The 14-acre development, which includes a public park and eight new high-rises, is a centerpiece of Drexel President John Fry’s vision for an “Innovation Neighborhood,” where tech companies and their employees can live, work and play. (Kind of like what the University City Science Center is doing slightly farther west, but at a larger scale.)
During the flashy, hourlong announcement inside a white tent next to 30th Street Station, Fry rattled off names of tech companies and organizations that call University City home, like DreamIt Ventures, First Round Capital and even young 3D-printing startup Orange Maker, which Drexel helped lure to the East Coast.
This is "one of the best days ever in University City," says Drexel prez John Fry. Unveiling "Schuylkill Yards" pic.twitter.com/aHuIgRsSqw
— Technical.ly Philly (@TechnicallyPHL) March 2, 2016
While creating a tech hub in University City is clearly the goal, one term kept coming up again and again during the event: “inclusive development.”
“Inclusion is at the heart of this project,” Fry said. “It’s a value, not a side benefit.”
What he means is that Drexel and Brandywine are committed to making the current residents of nearby Mantua and Powelton Village part of the Schuylkill Yards, rather than pushing them out.
It’s a bold, public promise for Drexel to make and a somewhat groundbreaking one, at that. At the event, the Brookings Institution’s Bruce Katz, who’s working with Drexel on the Schuylkill Yards, said Drexel is “setting a new bar for urban universities” with this promise. He later told us that he’s seen inclusive development on a city-wide scale but not on a district-wide level.
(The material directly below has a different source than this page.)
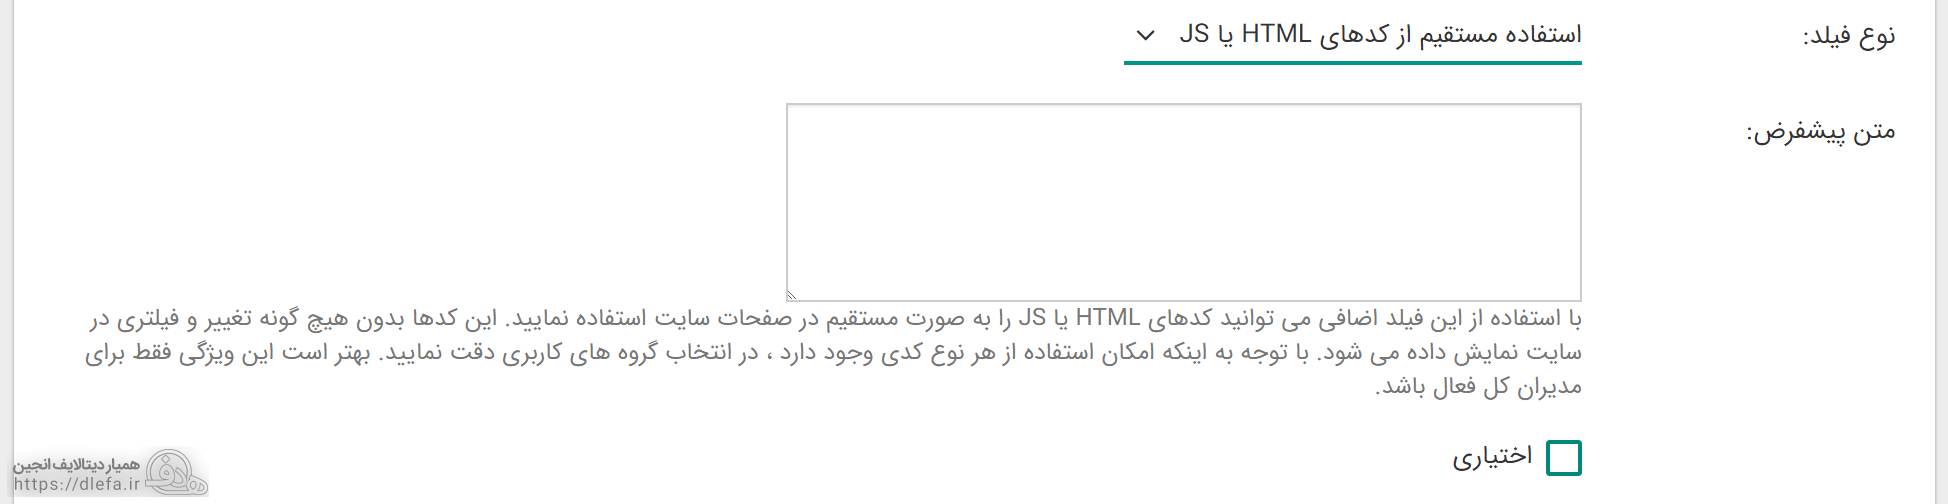 امکان استفاده مستقیم از کدهای HTML و JS در فیلد اضافی دیتالایف

What does inclusive development look like? It’s not entirely clear yet, but one early initiative around this goal is the launch of Science Leadership Academy Middle School, a neighborhood school, at Drexel’s Dornsife Center this fall. (The school is slated to move into the former University City High School site, which Drexel owns and is still being developed. That site is part of the University City Science Center’s $1 billion uCity Square project, another development that has a stated goal of inclusivity.)
Inclusive development is about “investing in every part of the pipeline,” said Lucy Kerman, Vice Provost of University and Community Partnerships at Drexel. The hope, she said, is to educate students from the neighborhood so that they’re ready for the high-tech jobs inside the Schuylkill Yards skyscrapers by the time they’re built.
It’s a big deal to hear an institution like Drexel, which is making an enormous investment in University City, talk about working to make sure that the benefits of the tech scene reach more than just a small few. If it succeeds, this project could help cement Philly’s status as a tech scene that’s known for its diversity and could become a model for other cities to follow.